Nishimori Sensei noted that the biggest issue he saw was that we tend to be a bit too stiff and jerky with our movements. He said that our hits and movement should flow, and that we should have "beautiful" Kendo. He demonstrated what he meant with a few passes with Ando Sensei. He said that we should have a nice straight back and posture, to let our chests "open up" during kamae, and that we should lead with our legs and hips and let our upper body follow, instead of leading with the hands, as this tends to make us lean forward into the hit. Watching him demonstrate was very cool. He made all of his movements seem so effortless, yet they were fast and powerful still.

Nishimori Sensei also mentioned, as we've heard before, to keep our kamae down at our center and at least a fist away from our body. What I mean by this is that when in kamae we should be able to fit a fist between the handle of the shinai and our body. When we hit we should have straight movements up and down, and with the left hand on Do, and that we shouldn't lean when we side step or move out of center to hit. Instead we should move and turn the body and still keep our hands moving straight up and down our centers.

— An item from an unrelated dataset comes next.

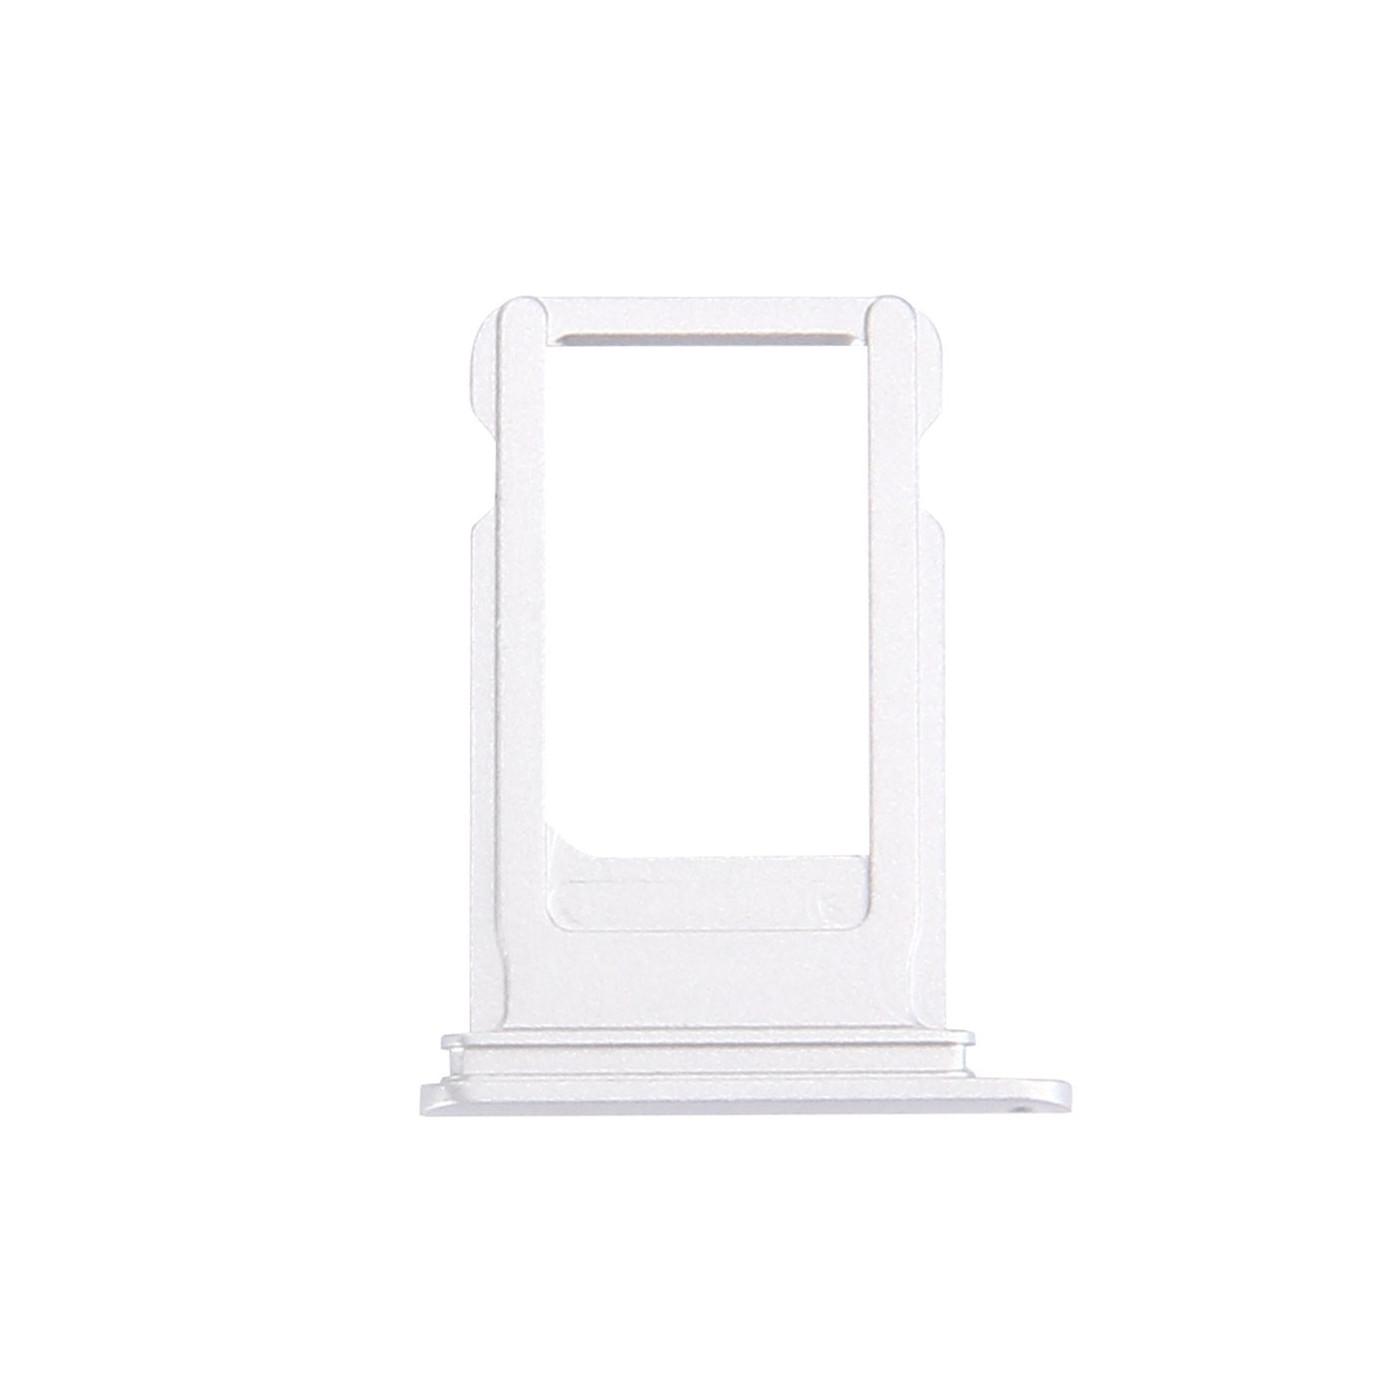 CARTE SIM CARTE iPhone 7 PLUS Silver REMPLACEMENT DU PLATEAU SLL SLIDE TROLLEY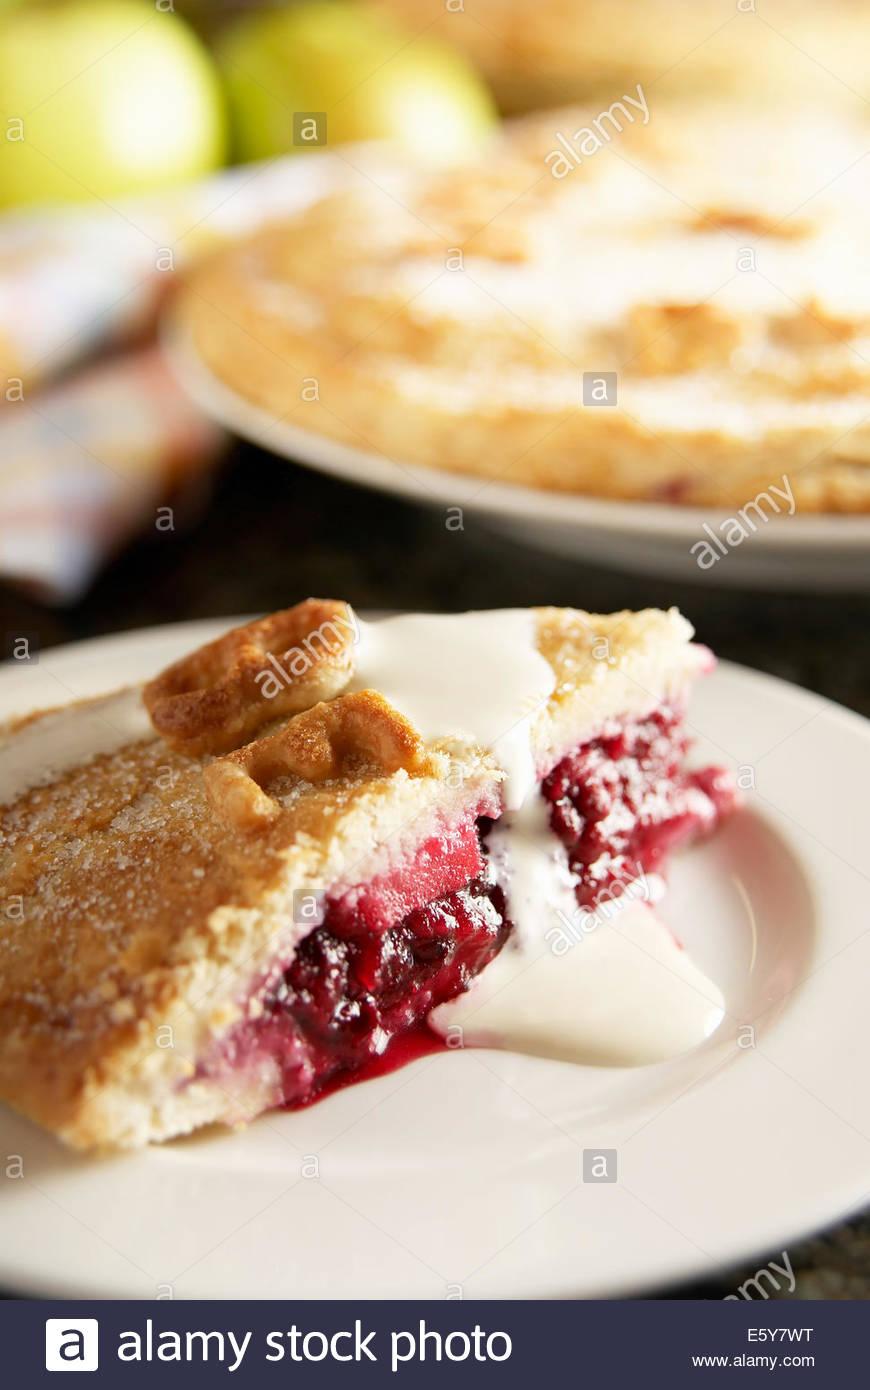 Blackberry fait maison et tarte aux pommes. Faite avec des pommes et des mûres sauvages de l'Angleterre. Photo Stock

I wish that I understood Japanese so I could catch everything that he said last night, but he was very good at getting his points across using visual cues and references (along with Ando Sensei translating). It was a great night, and I was very lucky to be part of it!

A few thoughts from last night:

Men: Use that reach advantage! I need to be able to play with distancing a bit more, so I might try changing up my distance from here on out to get myself used to hitting from all kind of distances, including from as far out as I can.

Do: Continue to work on it. I felt like I made some real progress last night, and that all the pieces are starting to come together. Now I need to get my head in the right place and stop thinking about the hit so much and just do it. I believe that is one last piece of advice I received from Takado Sensei before she left. Don't think, just go...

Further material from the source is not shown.